Snakes are an ideal species in which to study genetic control of limb development.

Basal snakes actually have a tiny, evolutionarily leftover pelvic girdle and hindlimb bones hidden underneath their scales, while advanced snakes lack both of these features. Advanced snakes comprise the majority of snakes alive today.

These two types of snakes provide morphological timepoints on the evolutionary continuum of limb loss in snakes.

As mentioned earlier, a team of researchers analyzed snake genomes to see if they could discern how snakes lost their legs.

First, the authors wanted to know if the ZRS, which is important in limb development of other vertebrates like humans and mice, also plays a role in snake limb development (or lack thereof).

They compared the genomes of the Burmese python, boa constrictor, king cobra, speckled rattlesnake, viper, and corn snake. The first two are basal snakes, and the remainder are advanced snakes.

Through evolutionary time, it is expected that some spontaneous mutations will randomly accumulate in the genome and persist in offspring. There is an expected substitution rate in non-coding DNA sequences, and divergence from this expected rate can suggest evolutionary selection.

Basal snakes have a ZRS that is 80% similar to lizards and demonstrate expected substitution rates. Advanced snakes have many more substitutions in the ZRS than expected, showing a fast evolutionary rate, which coincides with the loss of the pelvic girdle in advanced snakes.

Next, the authors wanted to know if the differences in ZRS observed between snakes were functional in animals.

To test this, the authors designed DNA constructs that put ZRSs in front of a gene called LacZ, which produces an enzyme that yields a blue color when given its substrate.

They put these DNA constructs into mice, harvested mouse embryos, and looked to see where each ZRS was driving expression.

Human, cow, horse, chicken, lizard, platypus, sloth, bony fish, and mouse ZRSs showed the same expression pattern in mouse limb buds, indicating that ZRS function was conserved amongst these species.

Dolphin, megabat, and cartilaginous fish ZRSs had expanded function. ZRS enhancer activity in basal snakes was reduced compared to the other vertebrates, and advanced snakes had no enhancer activity.

To determine how severely the shape of a limb would be changed by the reduced ZRS activity, the authors created transgenic mice using CRISPR/Cas9 gene editing.
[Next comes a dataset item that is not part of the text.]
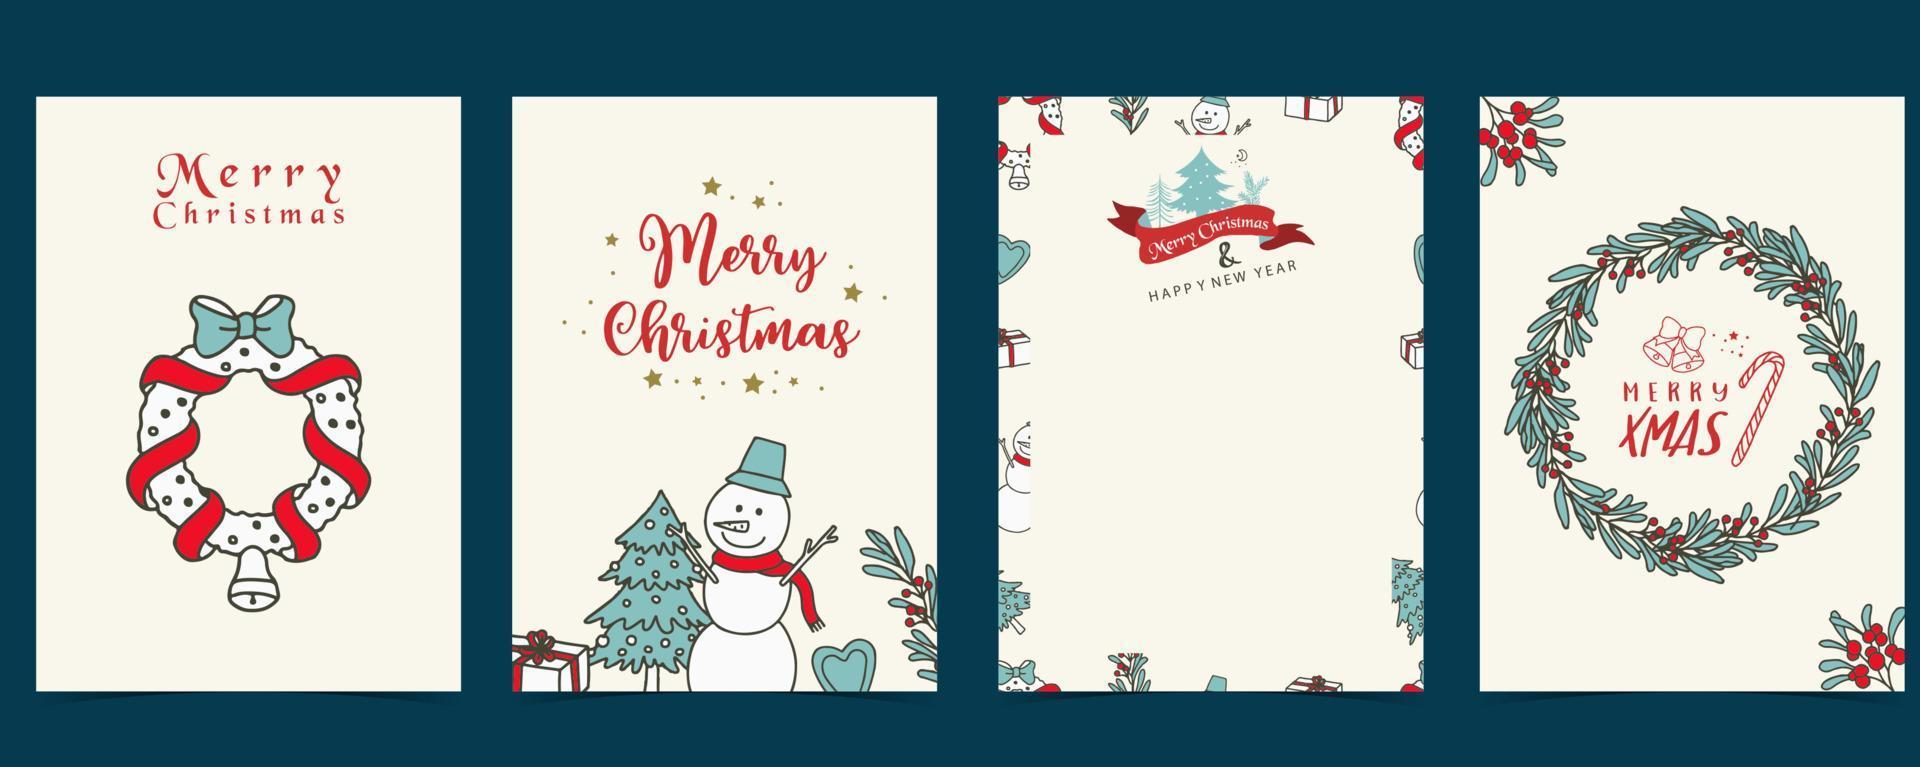 Collection of Christmas background set with tree,snowman,flower,leaves vector
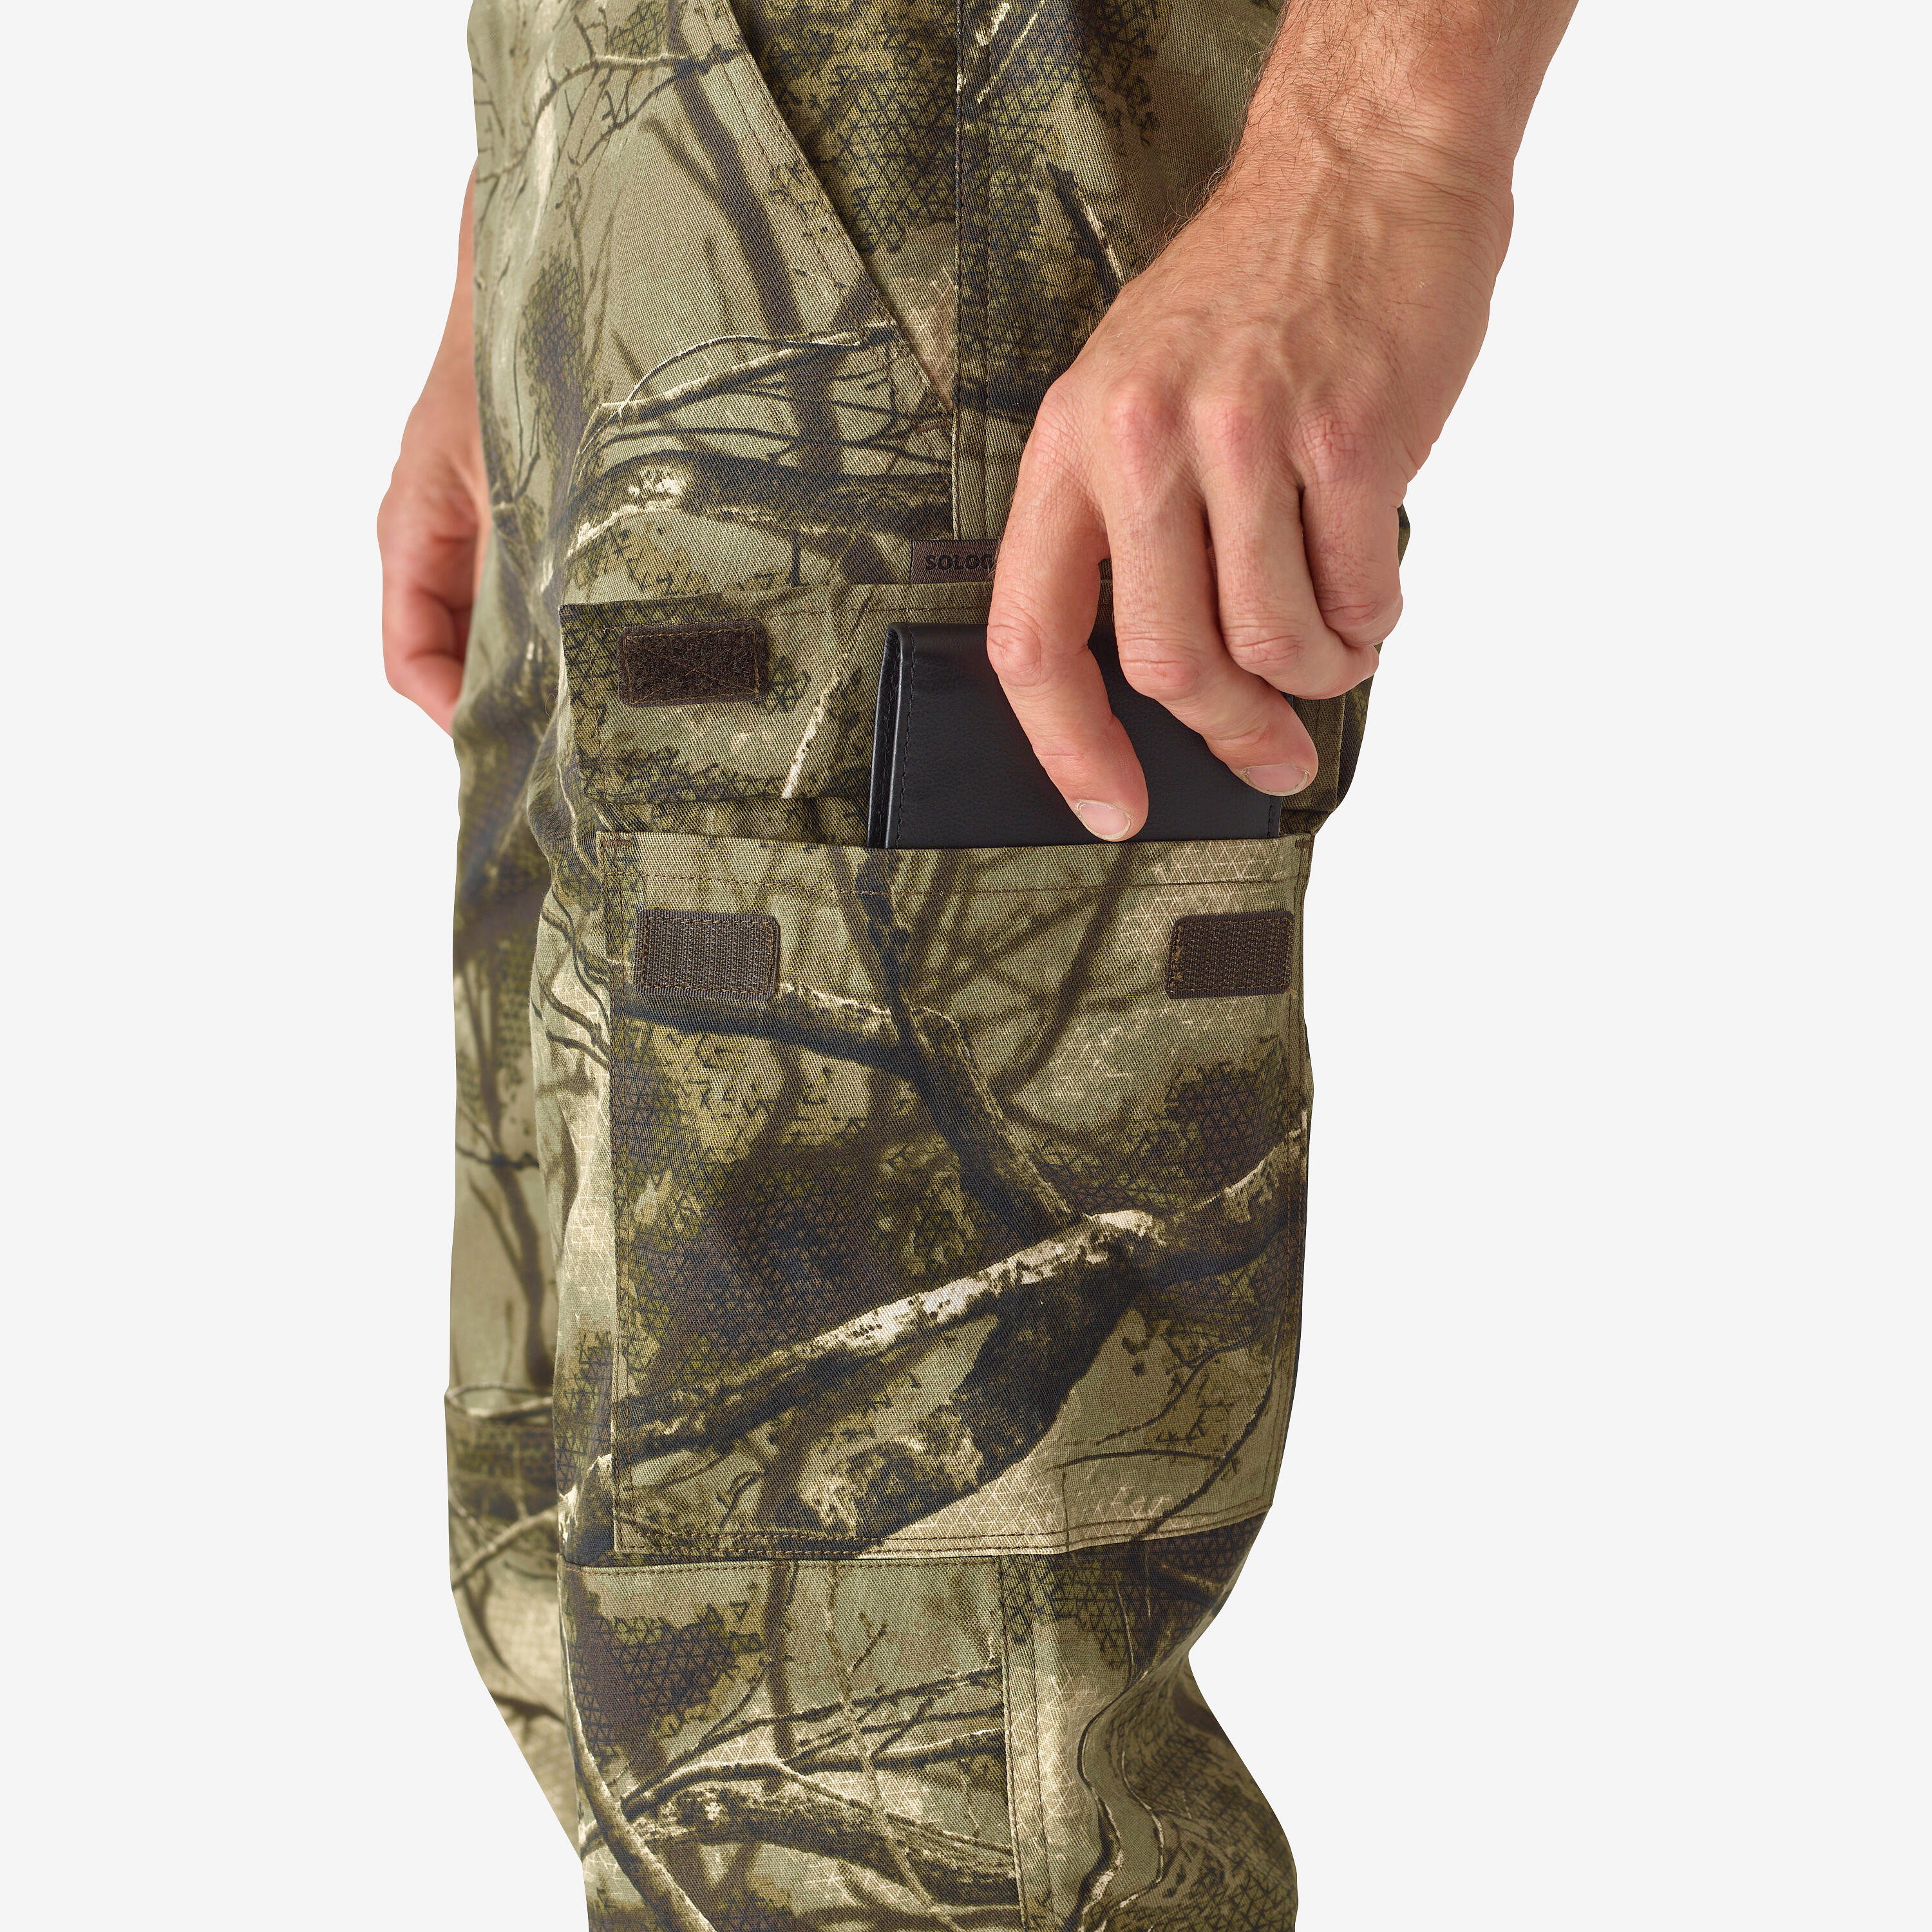 HUNTING BREATHABLE SILENT COTTON TROUSERS 100 TREEMETIC CAMOUFLAGE 4/6

They replaced the mouse ZRS with sequences of the same length from human, bony fish, python, and cobra. ZRS enhancers from human and bony fish produced normal limbs in mice, whereas python and cobra enhancers could not induce normal limb function, leading to nearly legless, “serpentized” mice.

The visible deficit in limb formation in the mouse was accompanied by decreased expression of SHH in the developing limb bud.

After seeing how drastically the snake enhancers altered limb development in mice, the authors wanted to pinpoint what part of the ZRS was responsible for the deficit.

They reexamined the DNA sequence information and found that snakes have a 17 base pair deletion in the ZRS that was conserved in all other limbed vertebrates and fish they analyzed.

They added this 17 base pair back to the python ZRS and created another transgenic mouse with the python + 17 base pair ZRS. This ZRS restored normal limb development and SHH expression in mice.

The authors analyzed this 17 base pair sequence and found that it contained a specific sequence that is known to be a binding site for an activating TF called ETS1.

When they examined the whole ZRS, five ETS1 binding sites are conserved across limbed vertebrates and fish. Only three ETS1 sites are conserved in snakes.

However, loss of two ETS1 binding sites in snakes was not sufficient to explain limb loss.

The ZRS was re-scanned for other TF binding sites, and loss of homeodomain TF binding sites were also found in snakes.

ZRS sequence changes, plus changes in other TF binding sites, explain how snakes lost their legs.